Студенткой филологического факультета университета я вынужденно читала Бальзака, Золя, Флобера, но мне казалось, да и сейчас так думаю, что все в их произведениях «придумано», а вот Толстой и Чехов — это сама жизнь, жизнь, которую я прожила. Мало что осталось от Майна Рида, Жюля Верна, Вальтера Скотта, даже от Диккенса, которого я любила («Давида Копперфильда»), от Тургенева. К Достоевскому сразу возникла стойкая нелюбовь. (Он несовместим с любовью к Толстому.) В молодости увлекалась, как и все, Хемингуэем, Томасом Манном. Но перечитывание Толстого и Чехова всю жизнь оставалось любимым занятием. Это возвращение к истокам нужно было как лекарство от повседневности. «Анну Каренину» я читала бесчисленное количество раз, так же как поздние рассказы Чехова — «Скучная история», «Страх», «Соседи», «Рассказ неизвестного человека», «Володя большой и Володя маленький», «Попрыгунья», «Ариадна», «Огни», «Дуэль»… Есть такая потребность отодвинуть собственную жизнь, на некоторое время забыть себя, ее может предоставить только чтение, но эту настоятельную потребность трудно удовлетворить. Я нахожу ее в перечитывании. Недавно в Москве, в среде литераторов, зашел разговор о Чехове, и два человека, которых я глубоко уважаю, стали говорить о «сумерках» в прозе Чехова, его пессимизме, повторяя мнение о нем Шестова («Творчество из ничего»). Я согласна с тем, что рассказы Чехова грустны, что оптимистом Чехова не назовешь, но как можно не радоваться его совершенному искусству изображения жизни и людей, той правде, которая, в сущности, и есть цель искусства? Я знаю, я узнаю Ариадну, двух Володей, «большого» и «маленького», ученого фон Корена и несчастную Надежду Федоровну, которая — ей самой казалось — пачкала, словно чернилами, бок Лаевского, с котором рядом шла… Откуда знаю, почему узнаю? Не спрашивайте! Это тайна искусства, его таинственная сила. У Чехова она есть, и она радостна в высшей степени.

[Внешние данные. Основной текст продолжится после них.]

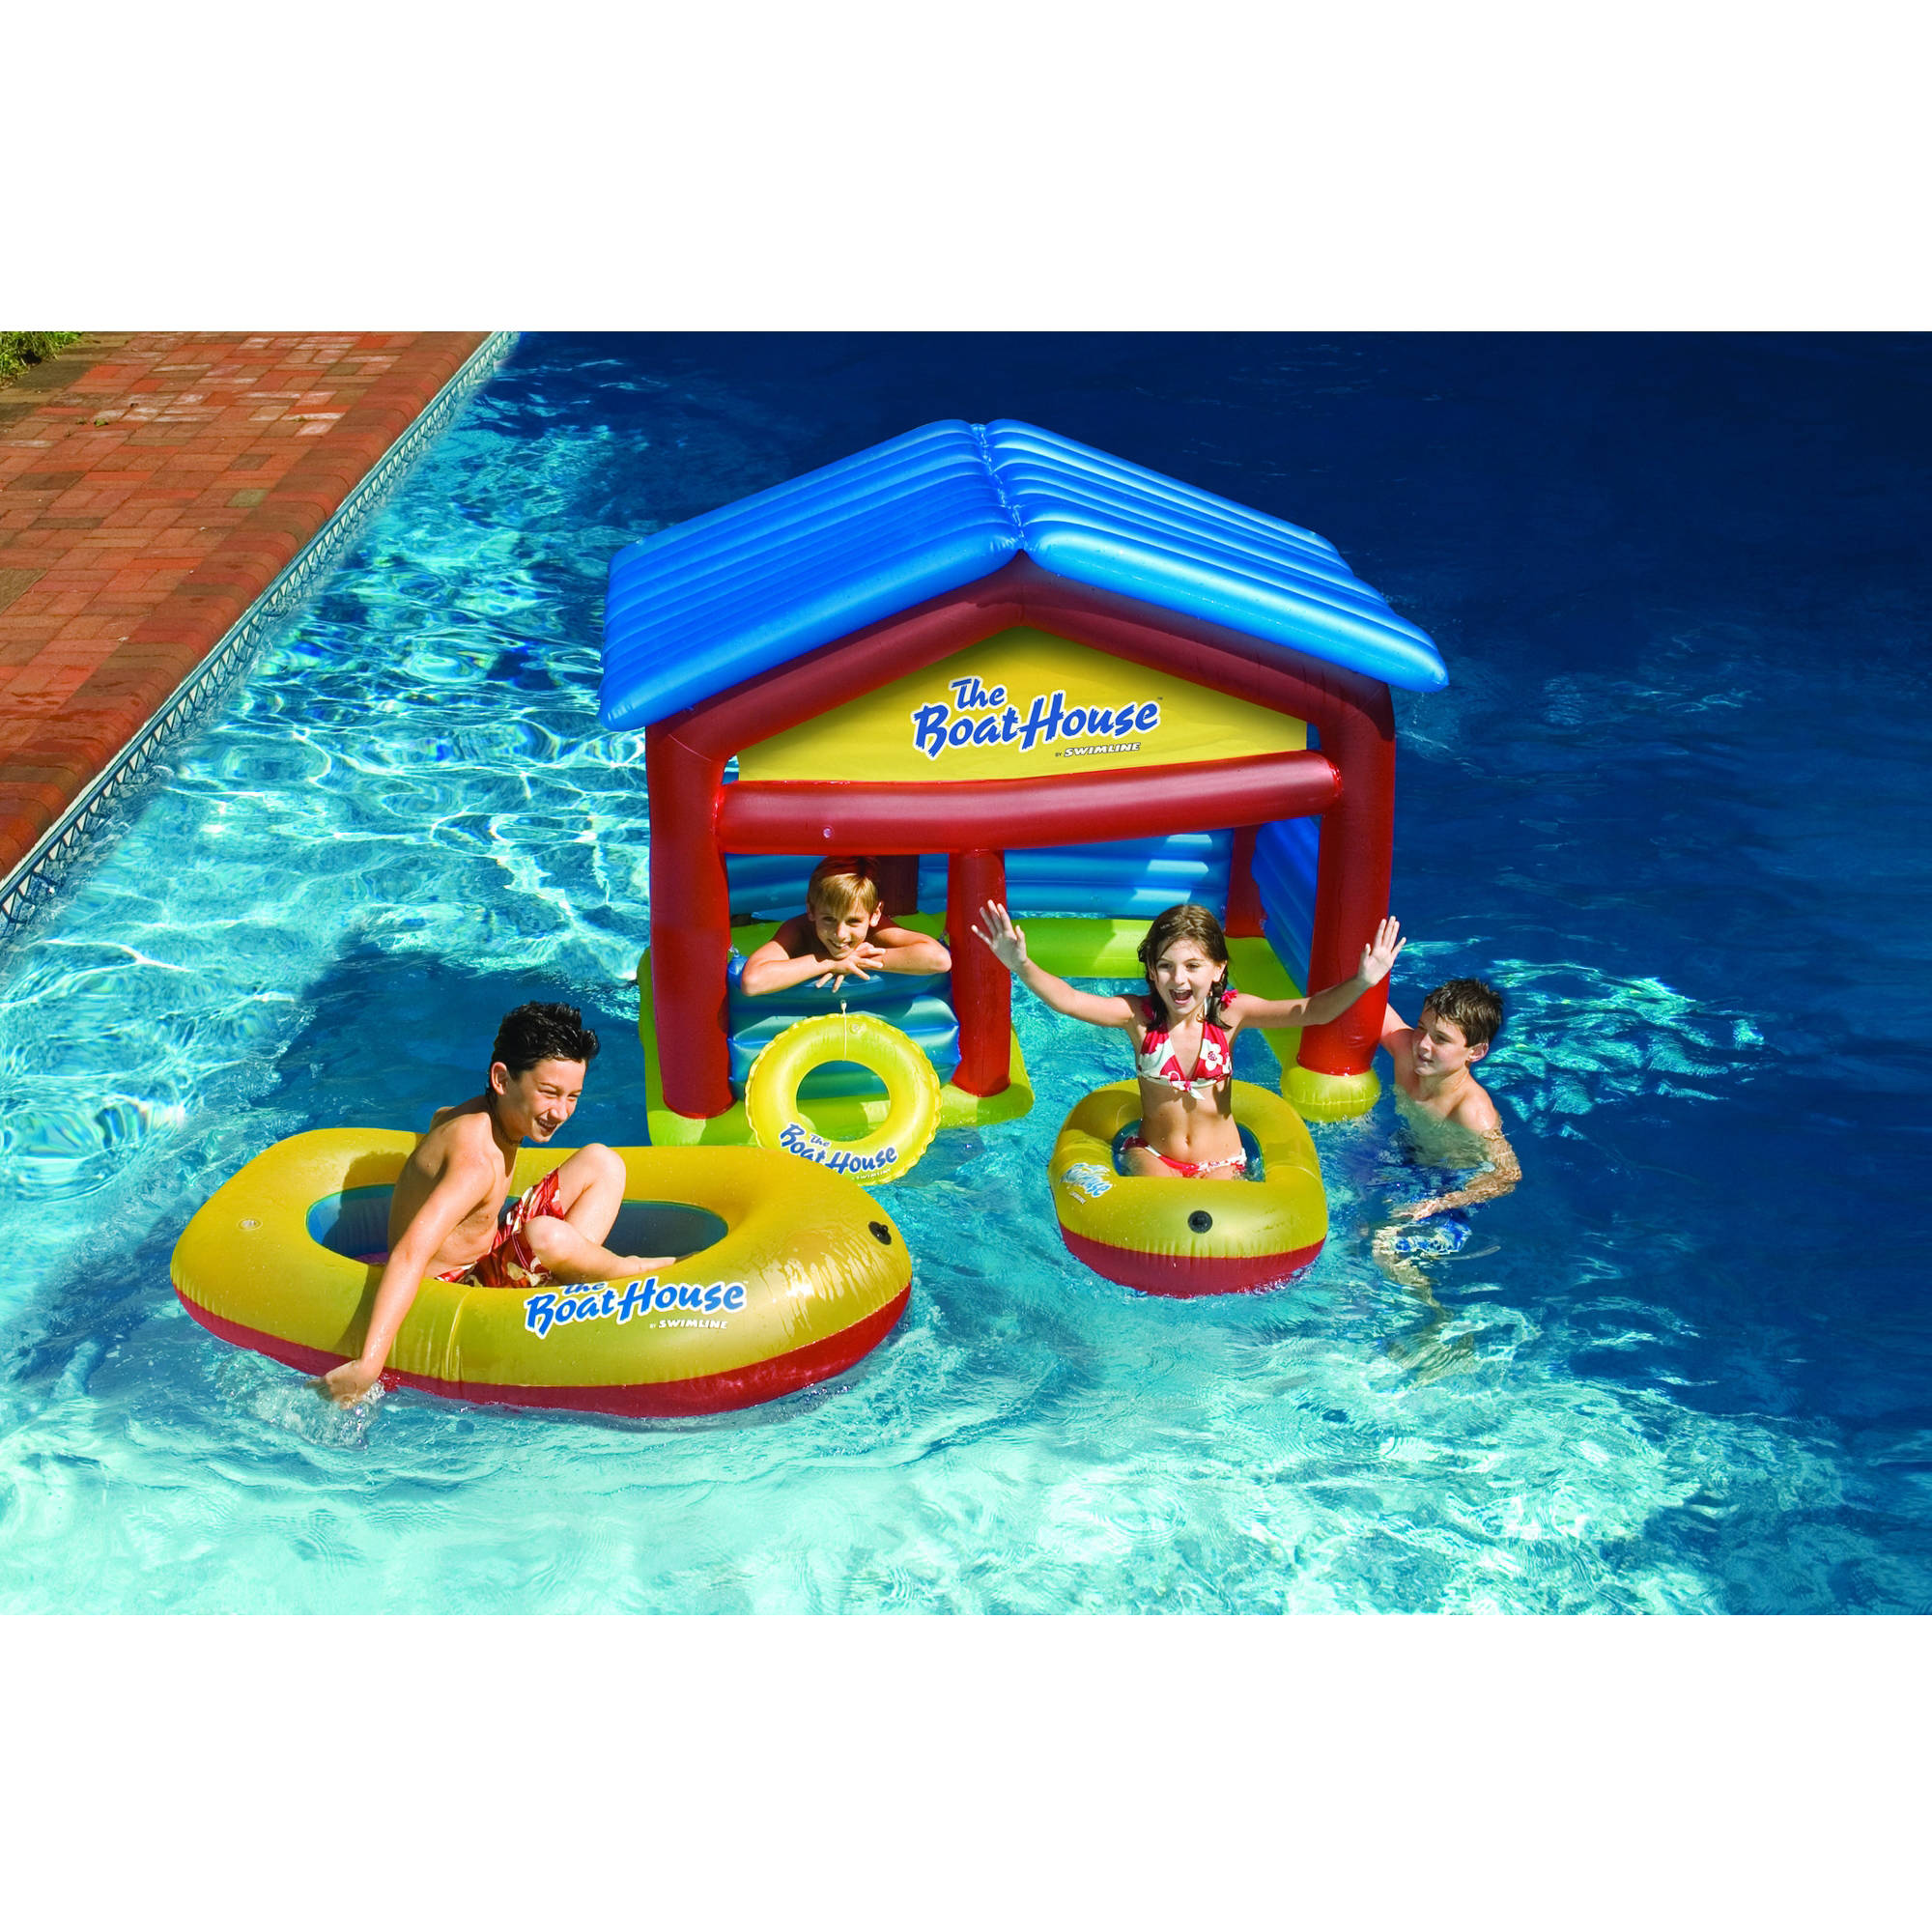 Swimline Boathouse Floating Habitat Inflatable for Swimming Pools by Swimline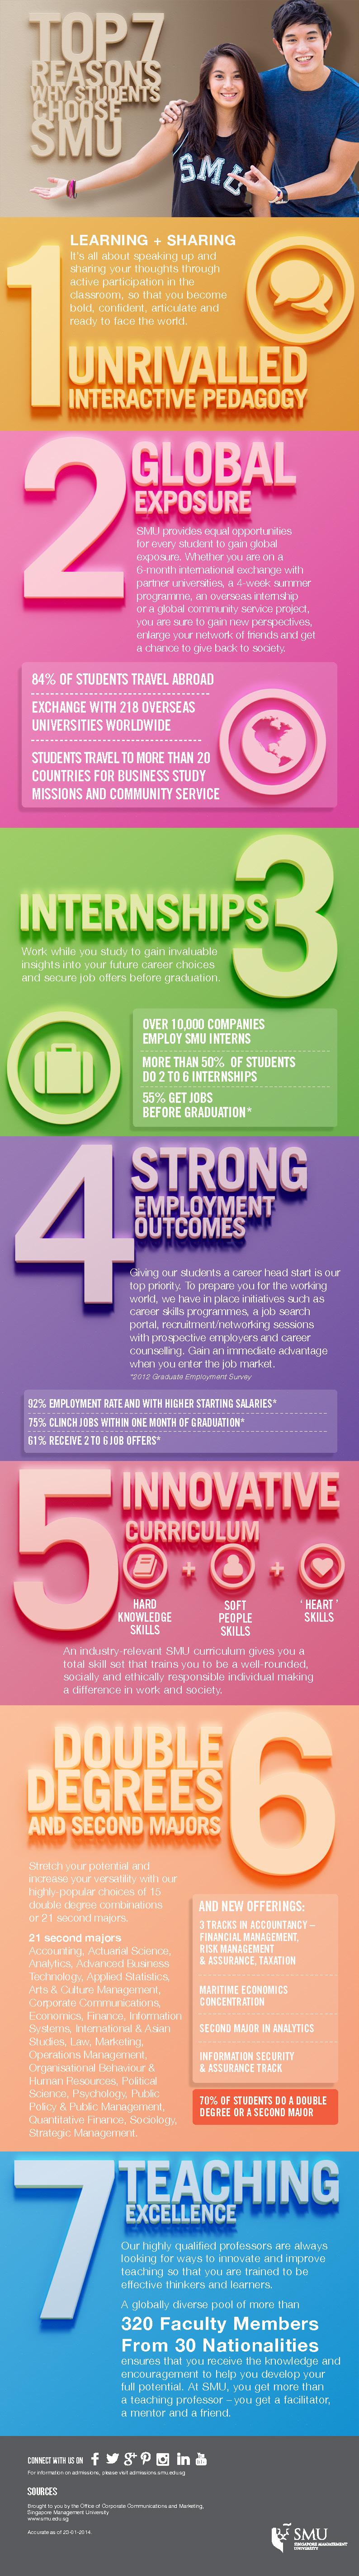 Smu Infographics Top 7 Reasons Why Students Choose Smu Singapore Management University Smu Smu Infographic Pedagogy

К вещам, которые можно перечитывать, отношу «Капитанскую дочку», «Героя нашего времени», «Анну Каренину», «Театральный роман» Булгакова, «Письма Асперна» Генри Джеймса, «Суть дела» Грэма Грина, «Прощай, оружие!» Хемингуэя, «Дар» Набокова, Пруста. Ну и, конечно, поэзия. Недавно с восхищением перечитала цикл рассказов Трифонова «Опрокинутый дом». В последнее время читаются с интересом воспоминания, письма, статьи, эссеистика. Постоянно перечитываю Георгия Адамовича. Его «Комментарии» часто беру с собой в поездки. Перечитала книгу Юрия Карабчиевского «Воскресение Маяковского». Как жаль, что такой умный и такой талантливый человек рано ушел из жизни. И по своей воле! (Говорю о Карабчиевском.)
Чтение — одно из главных наслаждений жизни, и как редко случается что-то по-настоящему увлекательное! Завидую всеядным людям, получающим удовольствие просто от разнообразной информации. В том, что мне недоступно такое чтение, виню Толстого и Чехова, прочитанных, может быть, слишком рано.